バンカーパレスホテル
ぼくらは宮殿形態となった“宮龍”のなかに招き入れられた。小さな龍が光球のように瞬きながらふよふよと傍に浮いている。
「君は……パレスティリア、だよね?」
「そう、“ぱられるどー”」
ええと……平行化か。建物でありながらホストでもあると。親切だな。そして便利。
「ありがとう、パレスティリア。ぼくはアイク。あっちにいるのは、ぼくの育った孤児院の子たちと、この地底で知り合ったひとたちだよ」
「へえ、アイクは仲間がいっぱいだね」
仲間か。たしかに、いつの間にか、こんなにいっぱいになってた。ちょっと前に裏切られて、ひとりきりで地の底に落とされたばかりなのに。
隣にいるネルと目が合ったので、小さな龍に引き合わせる。
「この子は、ぼくの友達でアーシュネルだよ」
「よろしく、パレスティリア。あたしのことは、ネルって呼んでね」
「アイクと、ネル? ふたりとも、境界の住人だね」
スレショルド? 聞いたことのない言葉だ。ネルを見ても、首を傾げている。亜人っていう意味かな? 超古代遺産であるパレスティリアにとっては別の観点があるのかもしれないけど。
「ねえ……あなたも、パリィって呼んでいい?」
「うん。ありがとう、すっごく良い名前♪」
遅ればせながら自己紹介などした後、パリィの案内で館内を見せてもらう。
「その先に、お部屋あるから、好きに使ってー?」
「「「わああぁ……♪」」」
吹き抜けの玄関ホールから、二階と三階の回廊が見える。さすがに総勢五十人には手狭かと思ったけど、そんなことはない。城の内部は外見よりも遥かに広くて居心地の良い空間になっていた。
「お風呂は、一階の奥にあるよー」
「「「はーい」」」
「食堂は、一階の奥だよー」
「「「はーい」」」
子供たちのところにも別のパレスティリアが話し掛けている。ネルがぼくを見て、隣に浮いてる宮龍に尋ねる。
「パラレルドって、何体まで出せるの?」
「出そうと思ったら、いーっぱい」
それはすごい。けど、その前に大事なことを訊いておかなくては。
もしかしたら……というか、もしかしなくても、ぼくらが無事に生き延びられるかどうかは、パリィに掛かっているのだから。
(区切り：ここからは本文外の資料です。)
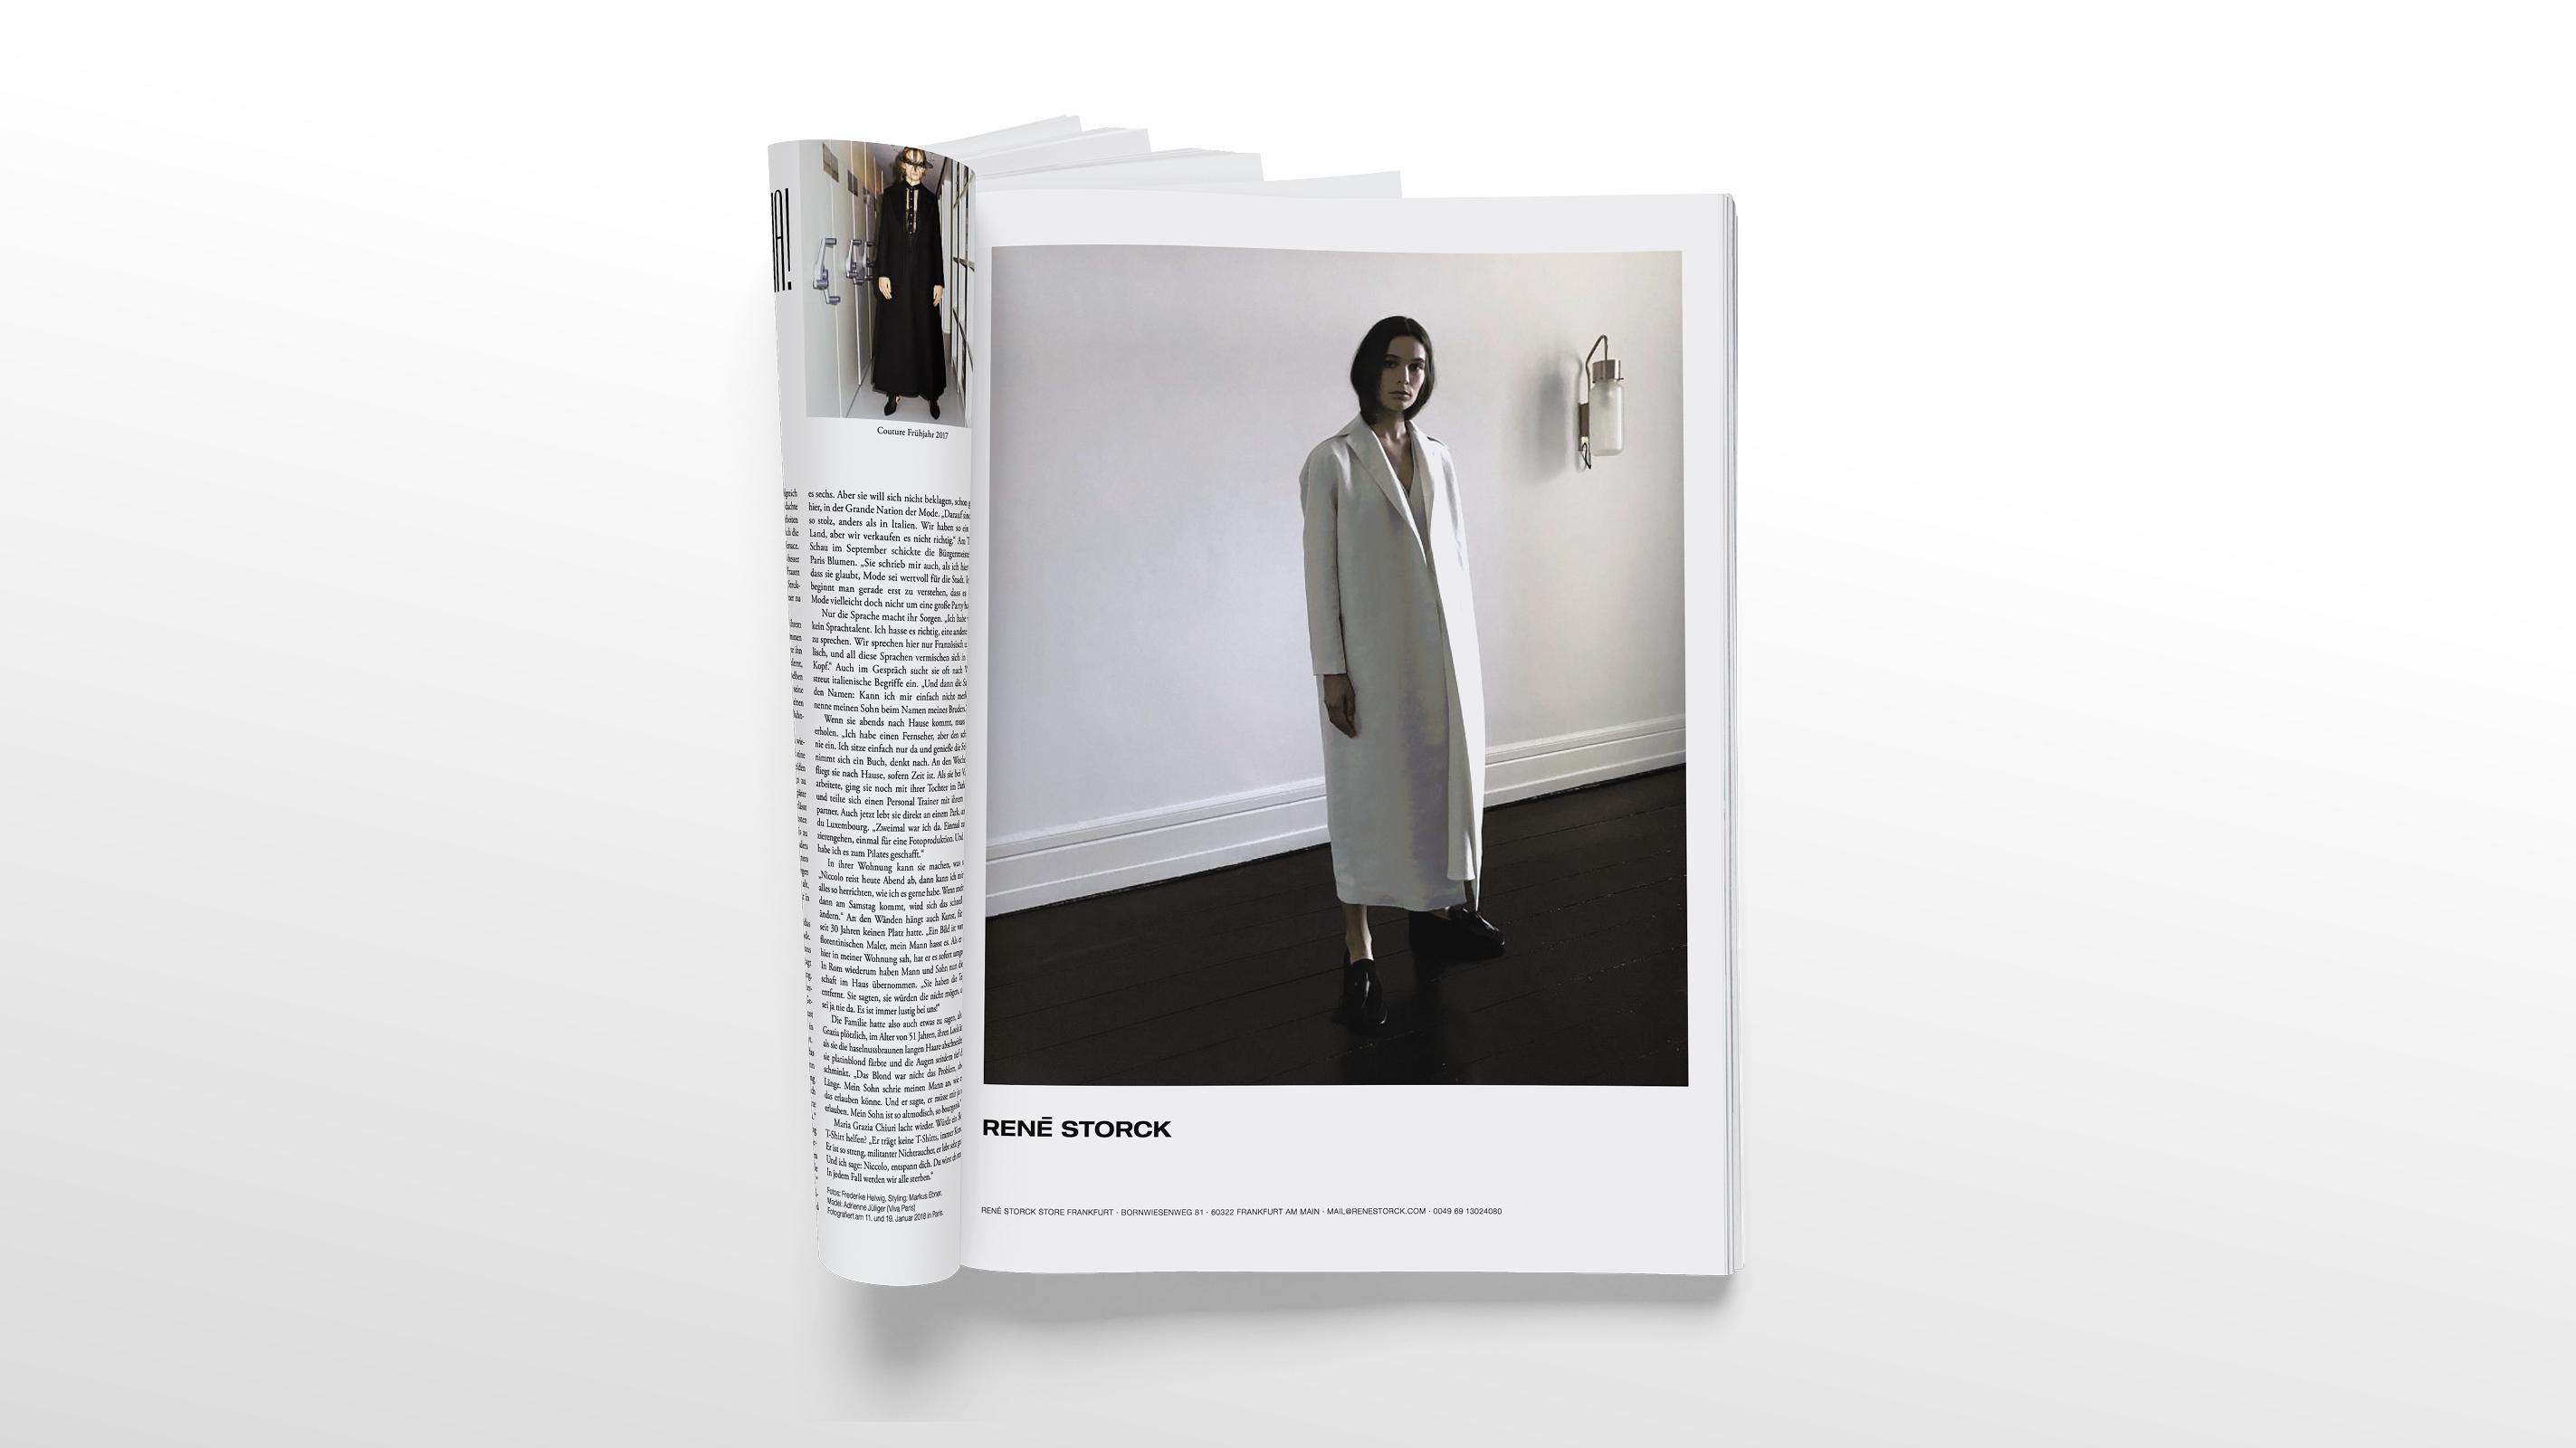 Rene Storck – Poarangan Brand Design2
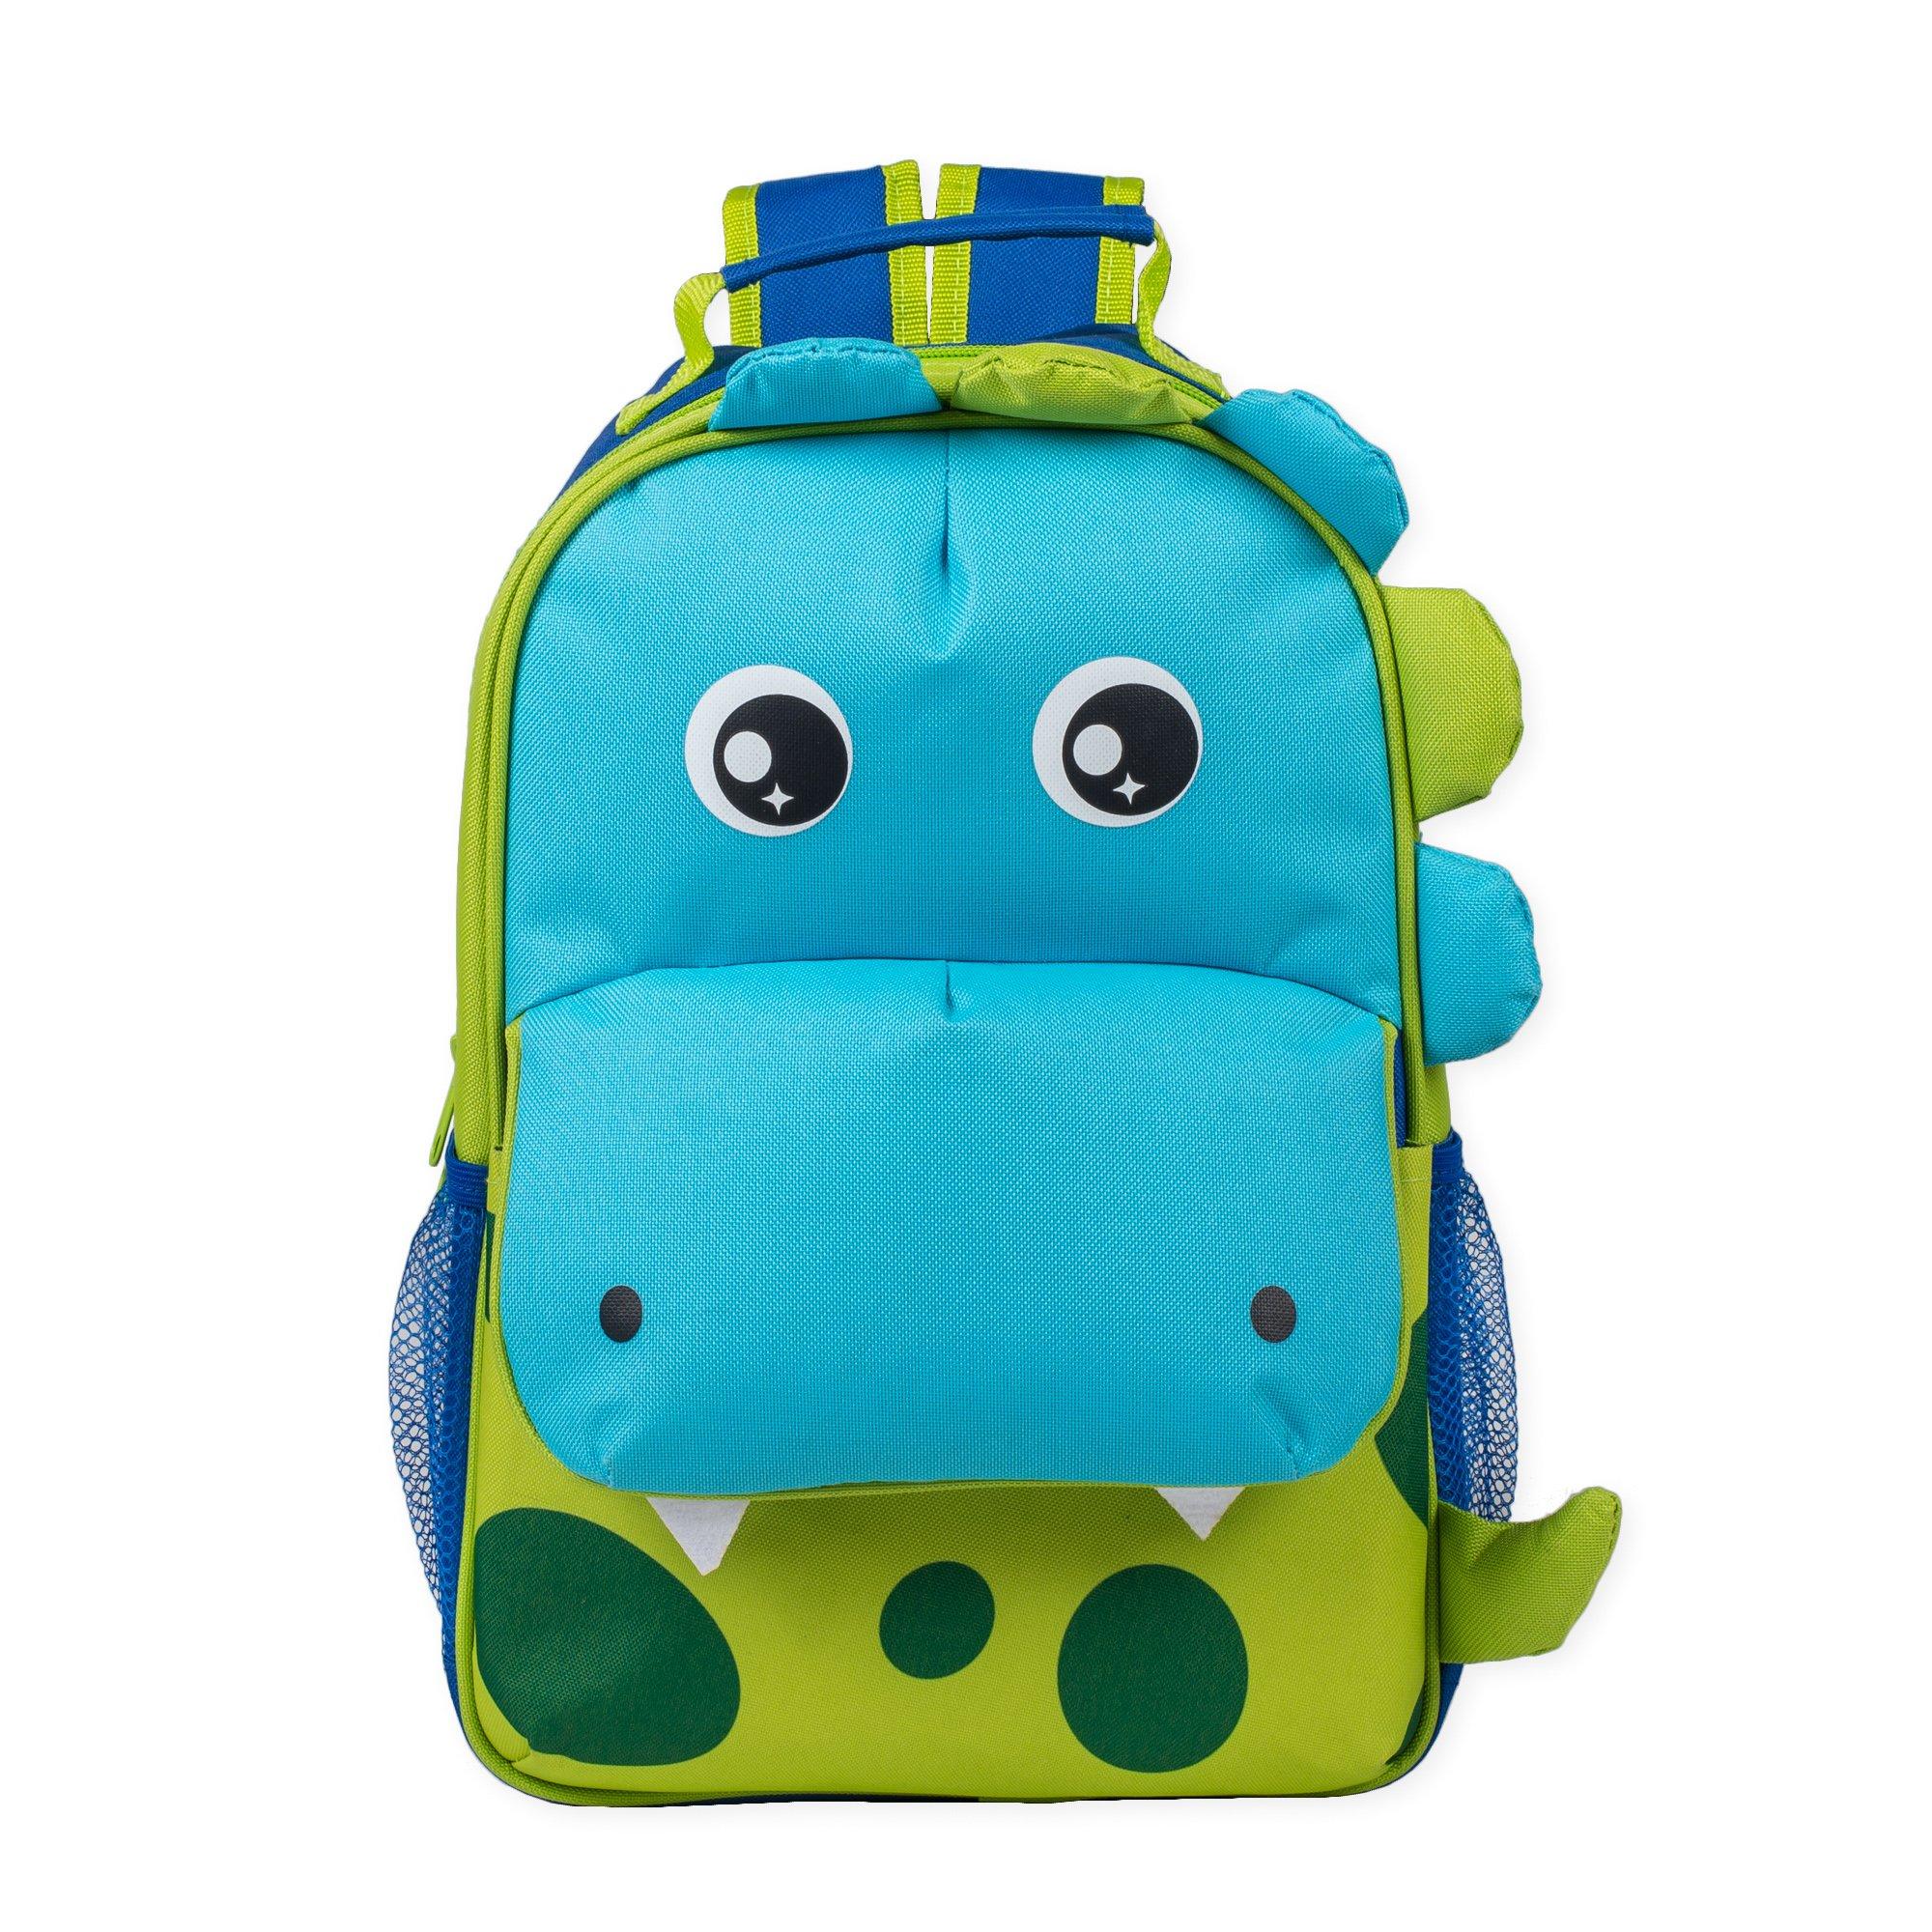 Dinosaur Dimensional Resistant Preschool Backpack

「ねえ、ぼくらを助けてくれるのは、ありがたいと思ってる。けど、どうして助けてくれたの?」
「どうして、って? だって、ぼくを助けてくれたでしょ?」
「それは、そうだけど」
ぼくは、自分たちの事情を正直に話す。地上にあった王国で、ひどい暮らしを強いられてきたこと。みんな襲われたり使い捨てられたりで、その結果としてここにいること。
「王国は、“紅玉の魔珠”っていう、亜人を苦しめる力を持った石を手に入れたんだよ。これから地上は戦争になる。獣人の国と、ドワーフの国、エルフの国。王国は全部の国に攻め込んで、土地と人と財産を奪おうとしてる」
「せんそう? なんで?」
「元々は、自分たちのものだって思ってるから」
宮龍には、ぼくの説明がいまひとつ理解できないみたいだ。内容が難しいとかではなく、“どうしてそんなことをしなくてはいけないのか”、みたいなところで。
長い歴史のなかの“奪って奪い返して”という経緯は当人たちにとっては重要な問題かもしれないが、傍から見ると大勢が殺し合ってまで必要なことなのかとは思う。
「パリィは、その三つの国の王様と知り合いなんでしょう? 戦争になったら、助けに行ったりするの?」
「ううん。王様たち、強いから大丈夫だよ?」
ネルの質問は、あっさりと否定された。だとしたら、三国の王たちが、“ただの魔法人形みたいな感じ”だった宮龍をこんな“高機能特化人工生命体”に仕上げたのは何のためなんだろう。
「ぼくね、王様たちと、ひとつだけ約束したの。これだけは、どうしても守りなさいって」
「うん?」
「“仲間を見付けて、幸せになること”」
そういって、小さな龍は笑った。